Major survey to monitor safety of COVID-19 vaccines in Canada

February 25, 2021

By Jennifer Stranges

Headshot of Dr. Matthew Muller

Dr. Matthew Muller

A sweeping national survey is tracking whether and how often adverse events occur after COVID-19 vaccination, offering critical insight as immunization campaigns intensify and new vaccines are approved for use in Canada.

The study, led by the Canadian National Vaccine Safety (CANVAS) Network, a national platform that monitors vaccine safety, aims to enrol 300,000 participants for each Health Canada-approved vaccine. The participants will be residents of B.C., Yukon, Alberta, Ontario, Quebec, Nova Scotia and P.E.I. St. Michael’s Hospital, part of the  Unity Health Toronto network, is the lead site for CANVAS in Ontario.

The study comes as Canada’s mass-vaccination campaign ramps up after supply chain delays and provinces and territories expand their immunization efforts.

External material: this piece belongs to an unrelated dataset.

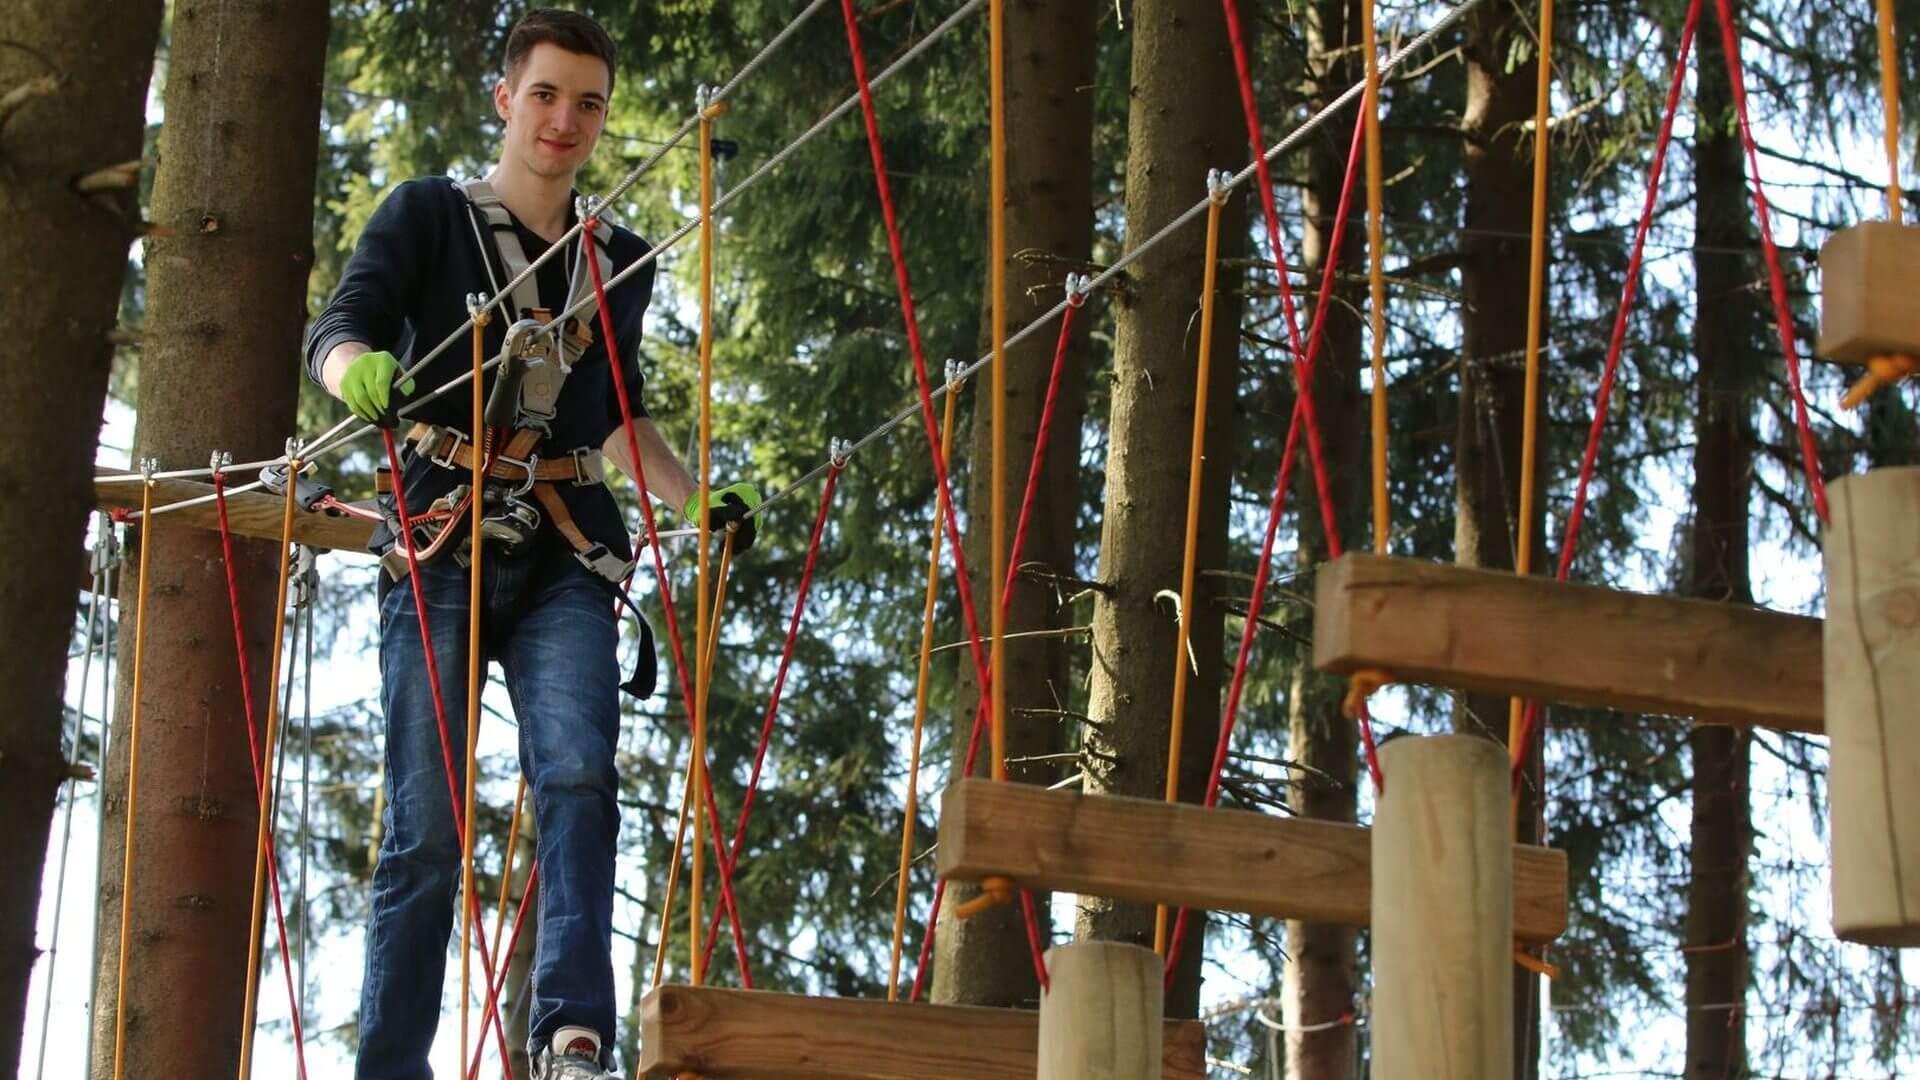 Kletterwald am 13.07.2017 bis 12:30 Uhr ausgebucht

“These are new vaccines and it is critically important to monitor what happens when millions of Canadians are vaccinated over a prolonged period of time,” said Dr. Matthew Muller, Medical Director of Infection Prevention and Control at St. Michael’s Hospital, and Ontario lead for the CANVAS Covid-19 vaccine project.

“This will help use be absolutely sure that there are not any unanticipated side effects from these vaccines. Ongoing monitoring for side effects in large numbers of vaccinated Canadians is critical to reassuring the public that these vaccines are safe and to encourage everyone to be vaccinated.”

Study participants will be asked to complete online surveys eight days after they receive the first COVID-19 vaccine, another eight days after the second dose – if they receive one – and then a final survey six months after that. The surveys will collect basic demographics data and information about illnesses since the participant’s most recent dose.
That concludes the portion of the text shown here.